(Entries provided Opens)

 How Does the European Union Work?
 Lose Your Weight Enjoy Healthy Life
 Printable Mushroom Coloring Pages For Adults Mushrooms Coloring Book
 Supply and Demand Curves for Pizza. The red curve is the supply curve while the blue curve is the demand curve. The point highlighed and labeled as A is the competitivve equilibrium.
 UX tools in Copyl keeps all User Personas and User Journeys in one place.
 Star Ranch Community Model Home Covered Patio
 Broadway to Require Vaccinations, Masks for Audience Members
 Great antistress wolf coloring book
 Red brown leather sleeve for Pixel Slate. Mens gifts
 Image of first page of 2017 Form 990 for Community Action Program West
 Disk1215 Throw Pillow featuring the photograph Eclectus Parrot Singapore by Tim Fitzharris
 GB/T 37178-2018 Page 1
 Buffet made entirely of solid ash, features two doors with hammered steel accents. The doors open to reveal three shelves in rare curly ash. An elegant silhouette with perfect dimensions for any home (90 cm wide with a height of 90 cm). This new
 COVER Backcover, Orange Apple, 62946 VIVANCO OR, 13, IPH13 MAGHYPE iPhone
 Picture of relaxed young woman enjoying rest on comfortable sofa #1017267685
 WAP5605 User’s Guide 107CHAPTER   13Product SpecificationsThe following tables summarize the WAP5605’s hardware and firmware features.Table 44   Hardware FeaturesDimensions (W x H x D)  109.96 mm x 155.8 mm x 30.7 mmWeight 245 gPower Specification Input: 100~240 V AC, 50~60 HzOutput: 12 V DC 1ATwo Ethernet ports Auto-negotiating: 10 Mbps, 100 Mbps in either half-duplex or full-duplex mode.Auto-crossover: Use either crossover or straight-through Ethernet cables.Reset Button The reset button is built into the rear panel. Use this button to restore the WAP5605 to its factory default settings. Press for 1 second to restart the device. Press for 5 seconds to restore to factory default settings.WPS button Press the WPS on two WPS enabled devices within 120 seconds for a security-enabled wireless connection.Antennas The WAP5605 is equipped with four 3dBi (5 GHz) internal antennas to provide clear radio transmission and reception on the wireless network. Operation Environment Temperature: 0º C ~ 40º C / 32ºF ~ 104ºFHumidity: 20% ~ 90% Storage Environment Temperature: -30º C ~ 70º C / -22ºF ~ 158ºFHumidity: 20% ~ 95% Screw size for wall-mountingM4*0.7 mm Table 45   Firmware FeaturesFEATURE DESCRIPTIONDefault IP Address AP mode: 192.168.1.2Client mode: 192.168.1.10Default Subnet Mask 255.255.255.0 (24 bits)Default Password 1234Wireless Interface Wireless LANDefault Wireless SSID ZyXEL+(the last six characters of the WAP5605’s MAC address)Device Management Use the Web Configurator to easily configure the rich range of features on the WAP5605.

(Entries provided Closes)

Activity ▸ Here the output must be the lines above from the line with "Great antistress wolf coloring book" to the line with "Picture of relaxed", both included, duplicated word for word and nothing else.

Exercise response ▸
 Great antistress wolf coloring book
 Red brown leather sleeve for Pixel Slate. Mens gifts
 Image of first page of 2017 Form 990 for Community Action Program West
 Disk1215 Throw Pillow featuring the photograph Eclectus Parrot Singapore by Tim Fitzharris
 GB/T 37178-2018 Page 1
 Buffet made entirely of solid ash, features two doors with hammered steel accents. The doors open to reveal three shelves in rare curly ash. An elegant silhouette with perfect dimensions for any home (90 cm wide with a height of 90 cm). This new
 COVER Backcover, Orange Apple, 62946 VIVANCO OR, 13, IPH13 MAGHYPE iPhone
 Picture of relaxed young woman enjoying rest on comfortable sofa #1017267685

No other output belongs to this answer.